Why are the best Christmas ads the ones that tap into our inner child?

The best Christmas is the one you’ll never have again – the one when you were 8 years old, wide-eyed with wonder, tearing into the gift you’d secretly wished for all year.

It’s not just a memory; it’s a feeling – that fleeting, boundless joy that no adult Christmas quite recaptures. Sadly, that magical feeling becomes elusive when we get older, so the closest brands can get is to spark a memory of it.

When you think about it, Christmas is a celebration of the nostalgia we feel towards past Christmases. 

That’s why old Christmas songs sound the best, why the best Christmas films are the classics, and why the best Christmas present you ever got was given to you between the ages of 5 and 10. That there is peak Christmas. Everything after is an effort to feel that again.

So the key to making your ad stand out – not just for minutes, but for years – is doing something that taps into that bygone, uncontainable excitement. 

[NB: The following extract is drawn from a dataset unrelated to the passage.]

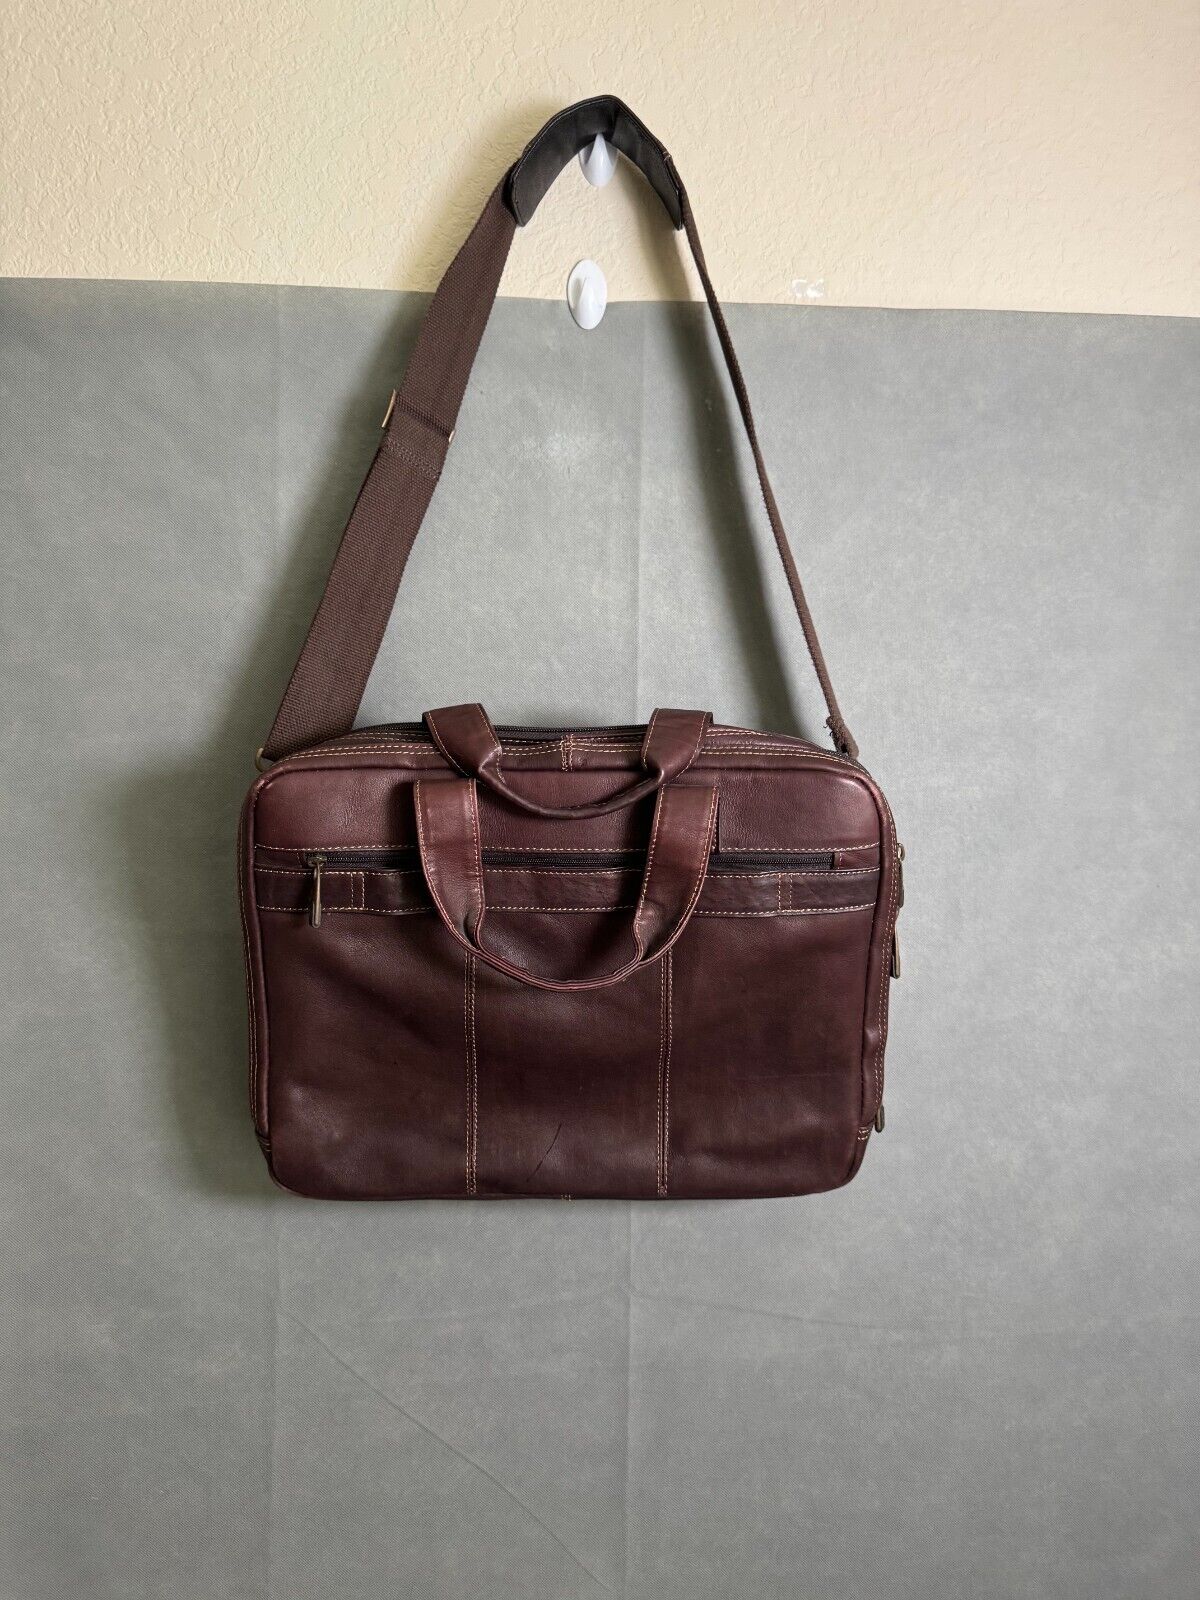 Samsonite Brown Leather Distressed Bag Briefcase Messenger Shoulder Bag

But it also needs to feel 2024 – you want to find that sweet spot between old and new whilst staying true to your brand values. That’s the recipe for cultural endurance.

Looking at this year’s crop of adverts, nostalgia is clearly a theme they had in mind too. Take a look at Tesco’s ad – it’s about a man recalling his abiding memories of making a gingerbread house with his gran as a kid. Then we’ve got Sainsbury’s and Barbour’s ads – using popular characters from children’s books and TV series'. And, of course, the John Lewis ad – literally about a woman reliving her childhood years to find the right gift.

These are the ads that hit different because they remind us of our youth. They inspire that sense of child-like excitement and comfort.

You can literally feel it bubble up as the BFG says ‘fizz-whizzy’. And as soon as you see doughy characters instantly recognisable as Aardman’s Animations pop up on your screen. Even Waitrose’s ingenious ‘Sweet Suspicion’ ad has that retro Agatha Christie vibe that harks back to those old Christmas reruns.

They’re all onto something. Essentially, it’s about helping us reconnect with our inner child. And it’s no wonder we’re seeking that connection again, with increasing financial pressures, as well as shifting political and social landscapes in the backdrop.

Consider the wider cultural trends of recent years: from fashion to film, nostalgia has been a recurring theme. Think Y2K mania, Jane Birkin-inspired bag charms, or the surge in coming-of-age stories like Euphoria, Wednesday, and Stranger Things. Across the board, we’re looking to the past – particularly our childhoods – for comfort and connection.

So it’s not about reinventing the wheel every Christmas. No – it’s about tapping into the uncontainable excitement you felt as a child on Christmas day and enticing it out of hiding once again—because it’s one feeling that’ll never get old.